# Given information
***
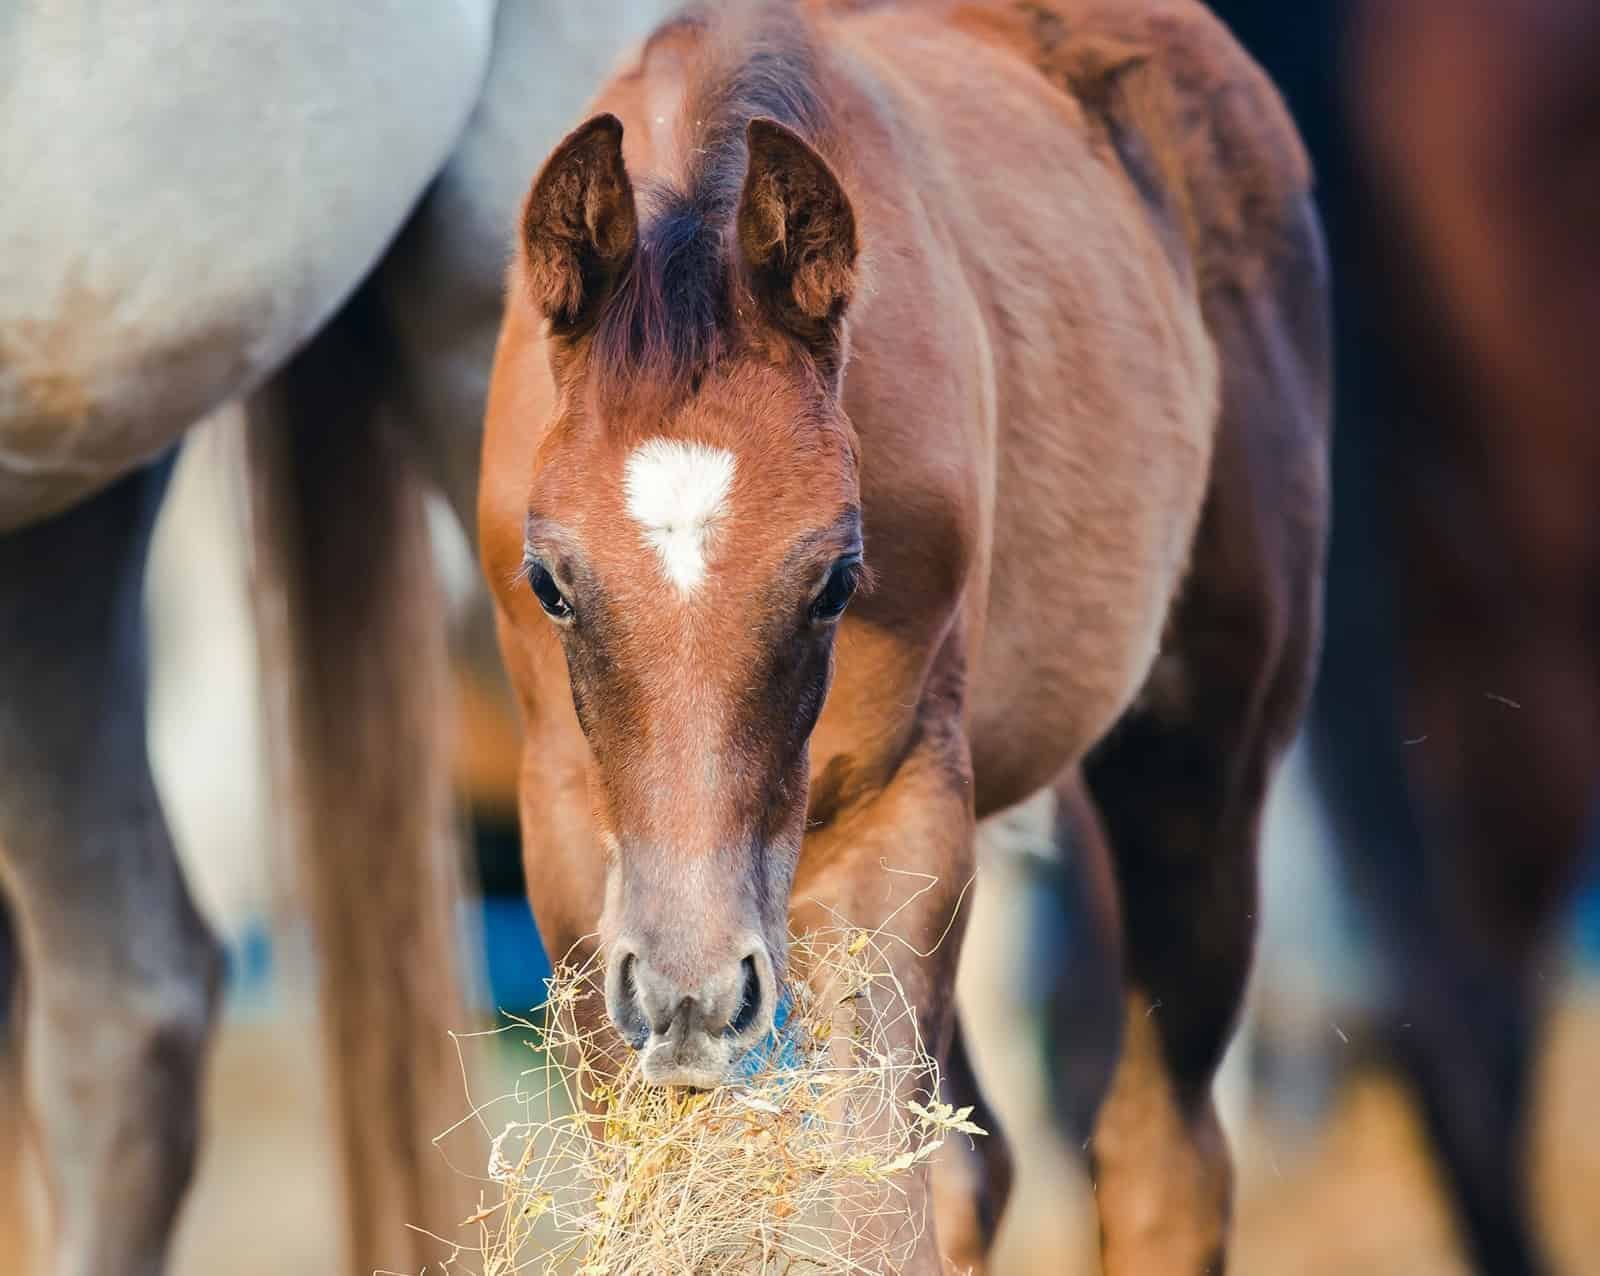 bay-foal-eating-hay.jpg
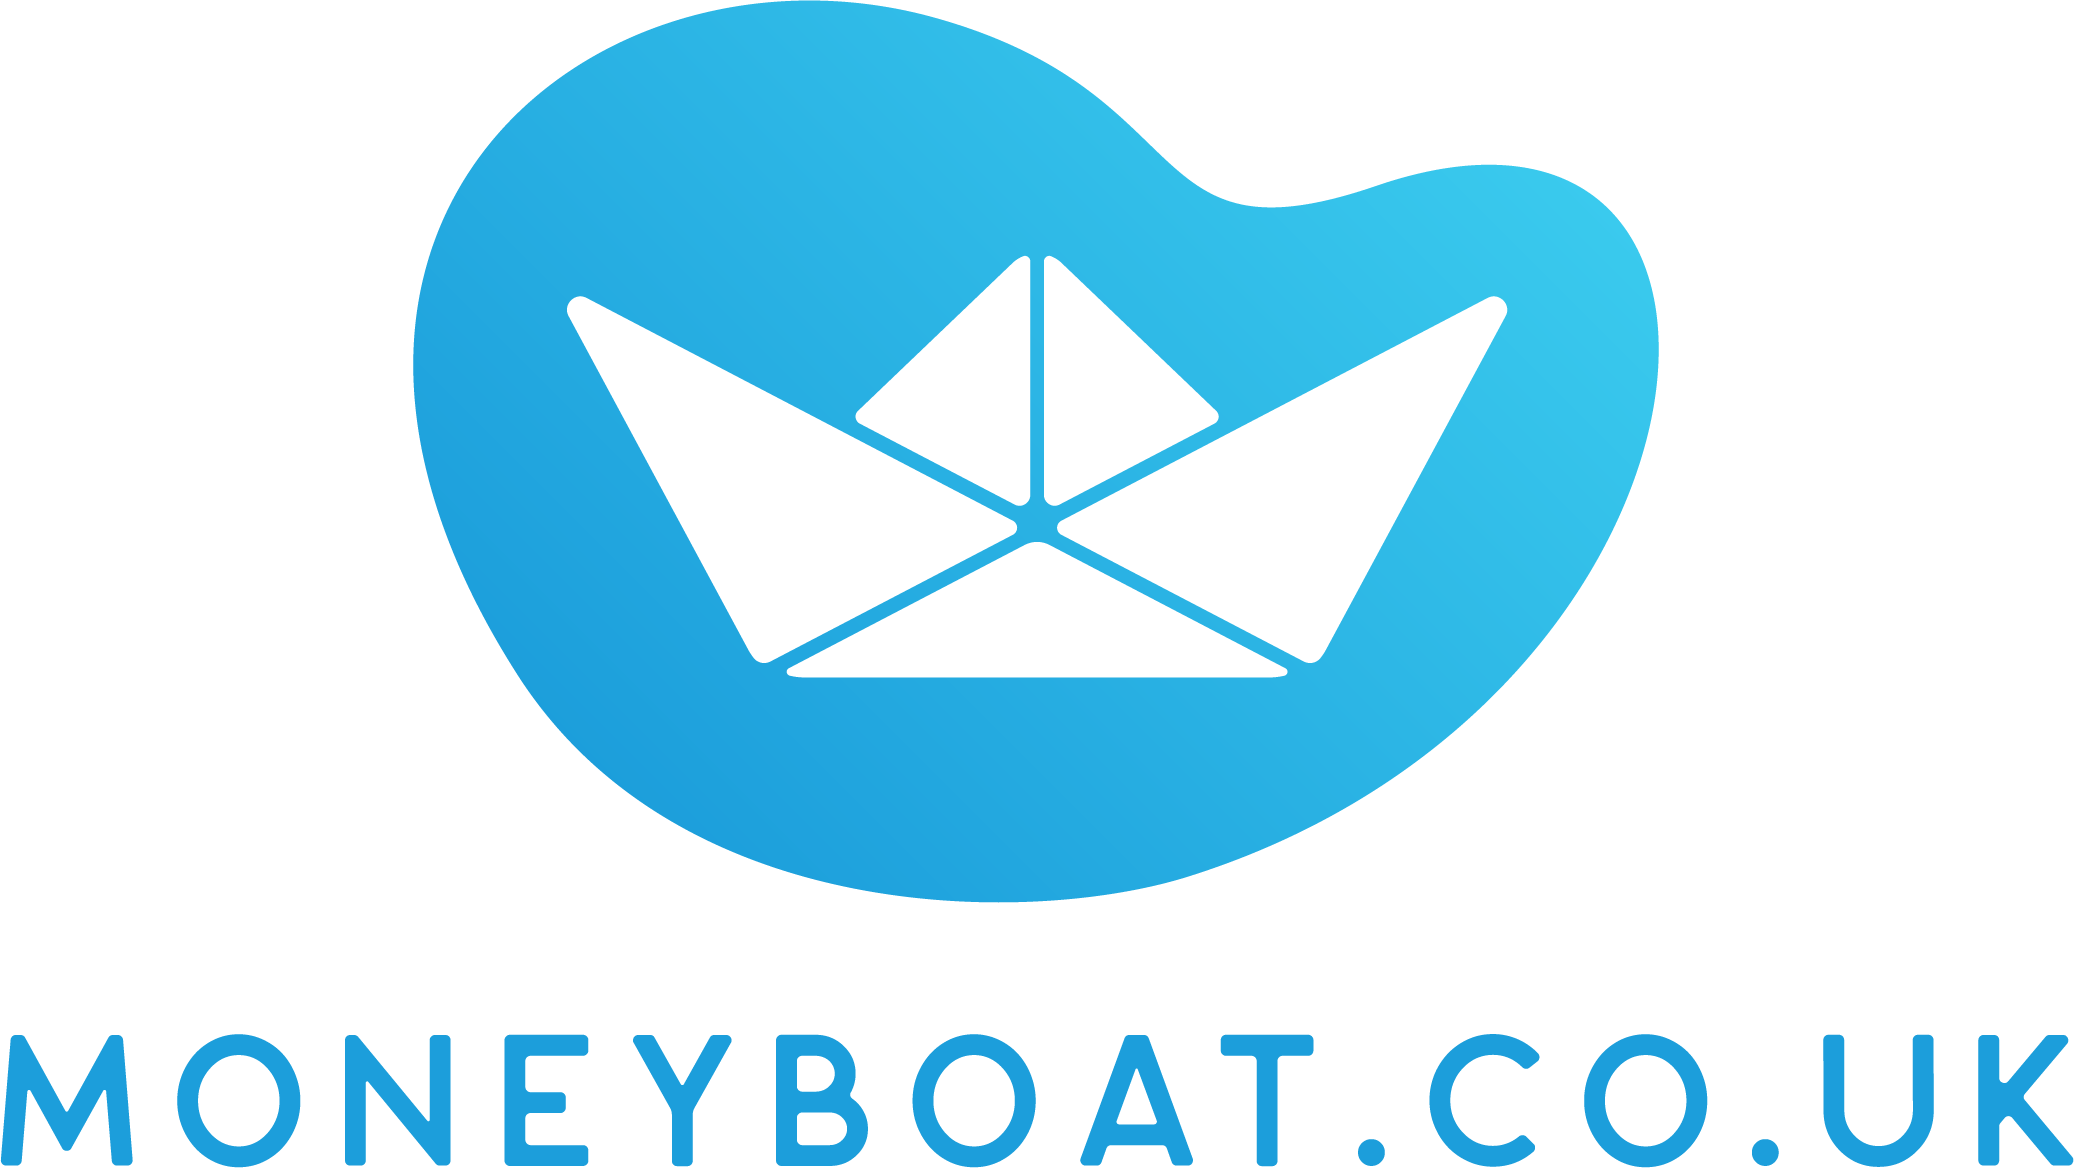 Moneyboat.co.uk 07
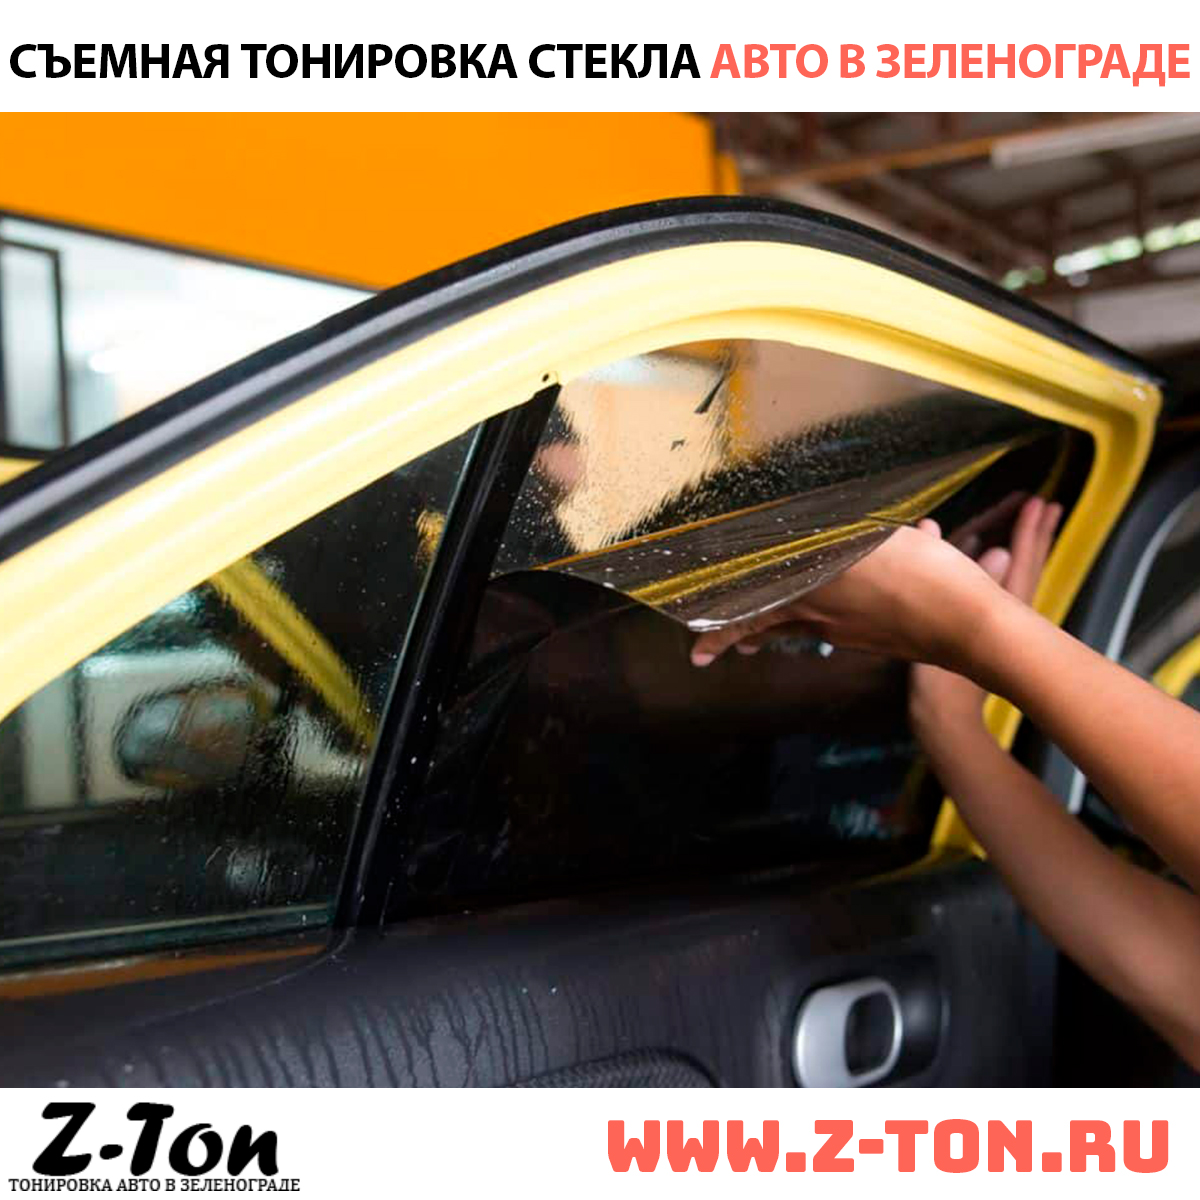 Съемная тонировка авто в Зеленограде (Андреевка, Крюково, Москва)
***
# What the task requires
Could you give the material again exactly as it stands, omitting any image?

# Answer space
 bay-foal-eating-hay.jpg
 Moneyboat.co.uk 07
 Съемная тонировка авто в Зеленограде (Андреевка, Крюково, Москва)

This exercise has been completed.